Executive summary. Maintaining employment is a factor of your performance, but for construction and engineering firms it is largely dependent on a firm’s ability to bring in project after project. Who’s responsible for bringing in these projects? The answer lies below.

The business model. Construction and engineering firms usually do project work. A road project is won, and that construction firm or engineering firm is keeping a team busy for months or years building or designing it. Absent having brought in this job, perhaps there are layoffs. This cycle lasts forever in businesses of this type.

Who is responsible? Who is responsible for ensuring your company has work? Here are some great wrong answers:

  • The CEO
  • The business development guys
  • The State, City, or County who puts the jobs out for bid
  • The manufacturing plant here in town

Here’s the answer: everyone in the company. Yes, many companies hire a business development person and his/her role is to get work. However, isn’t your neighbor the operations manager at the local distribution warehouse? Didn’t you meet a guy in a bar on vacation that is a contract administrator for the pharmaceutical company 50 miles south of your company’s main office? These friends and newly met colleagues over an umbrella drink may award work, or maybe they know the avenues to procurement of projects for your firm. It can be as simple as collecting a business card, giving your business card, or even receiving the website address of a corporation’s business opportunity listing.
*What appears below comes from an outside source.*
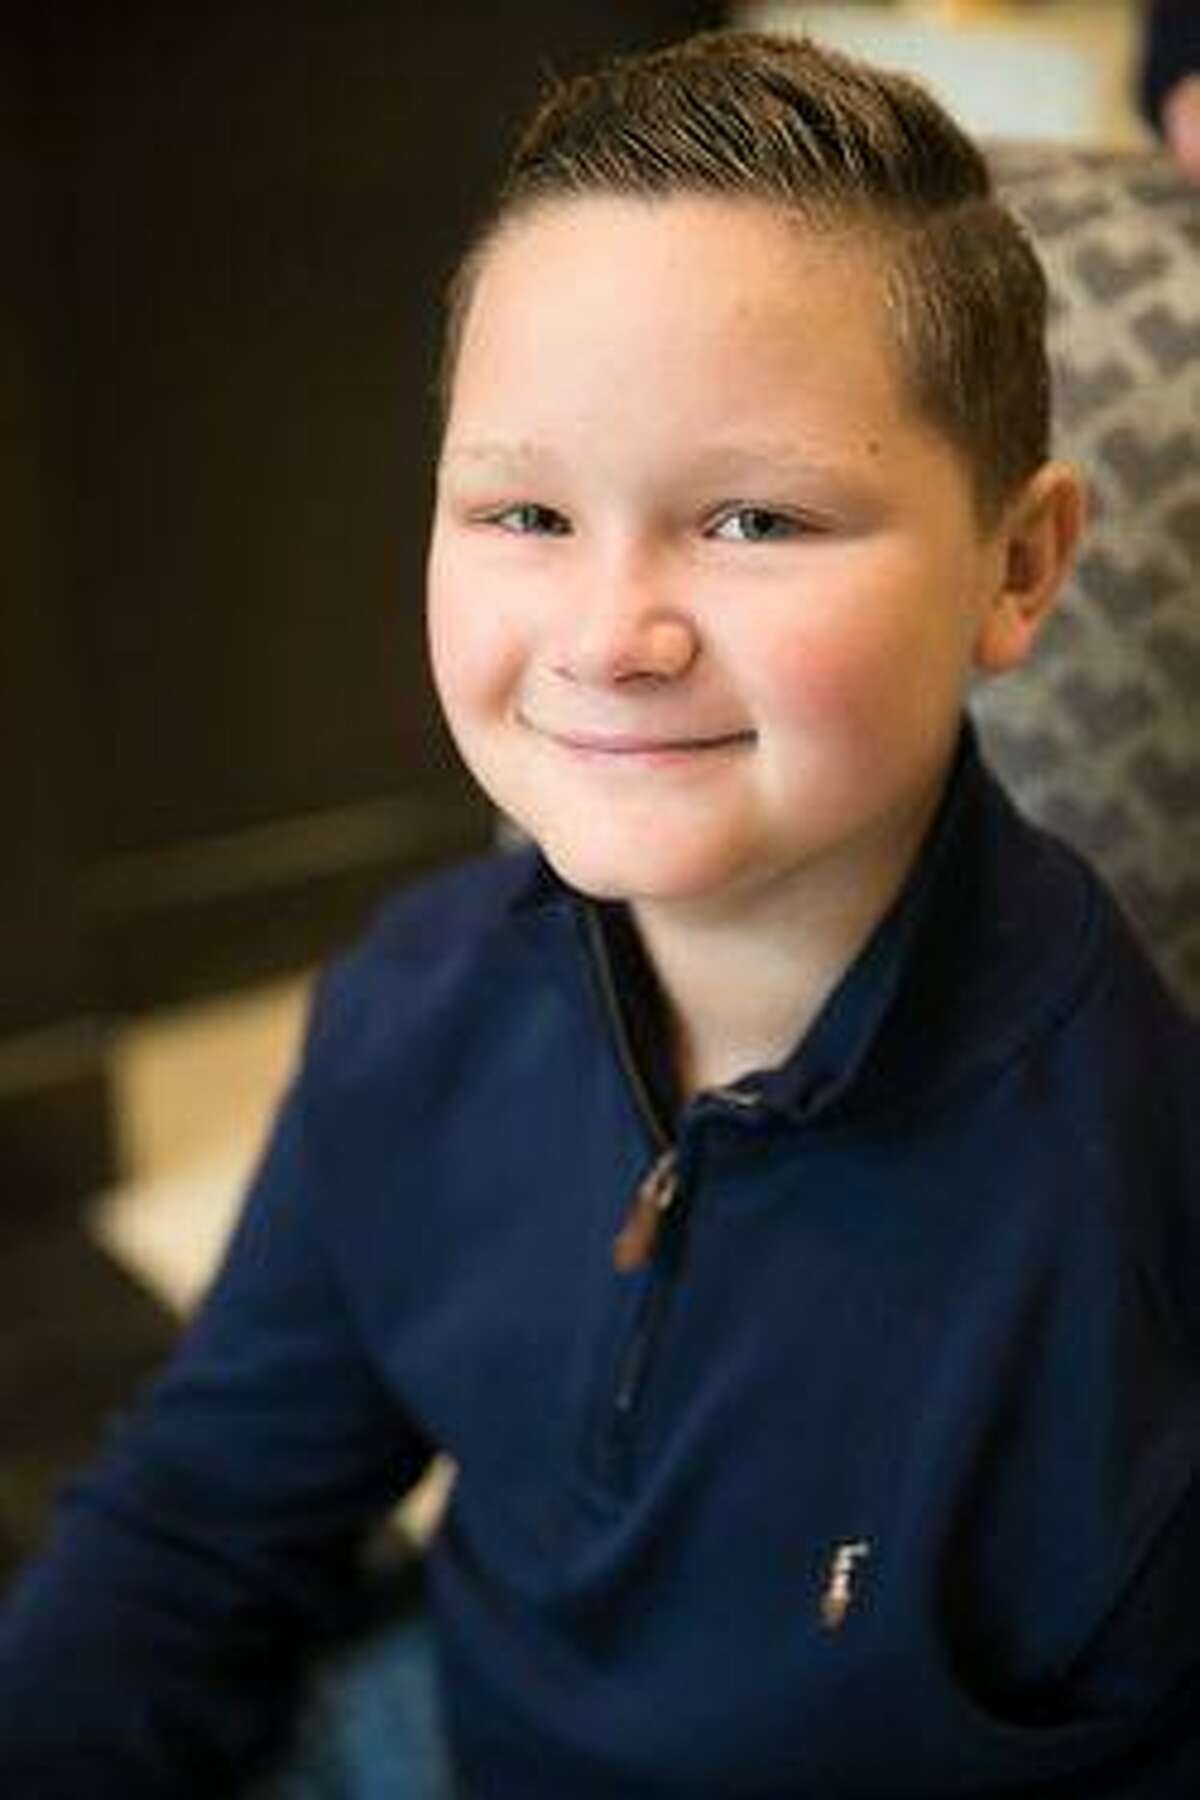 Damon E. Billeck, 13, passed away April 3, from his battle with bone cancer.

The point here is that business survival or good health relies on more than just the CEO or his/her business development lead. You can help bring in work too!

My story. When I left the comfort of a large corporation who continually handed me projects to manage, I then went out on my own. From there I started my own company and quickly learned that in order to eat, I had to kill. Or we had to kill. As a result of this survival mentality, I am always hunting for a new client. In my daily work life, I try to act responsibly, say smart things, deliver a good product, and lastly, inquire as to opportunities that may exist within my firm’s skillset. It’s been more than once I picked up work while on a plane. And more importantly, I’ve relied on employees to help bring in work too. Friends and family can be good and bad, but it has largely been successful in generating revenue and keeping people employed within my companies!

Don’t be afraid to introduce yourself: say hello, shake a hand, give a business card! It gets easier the more you do it.

Work safe!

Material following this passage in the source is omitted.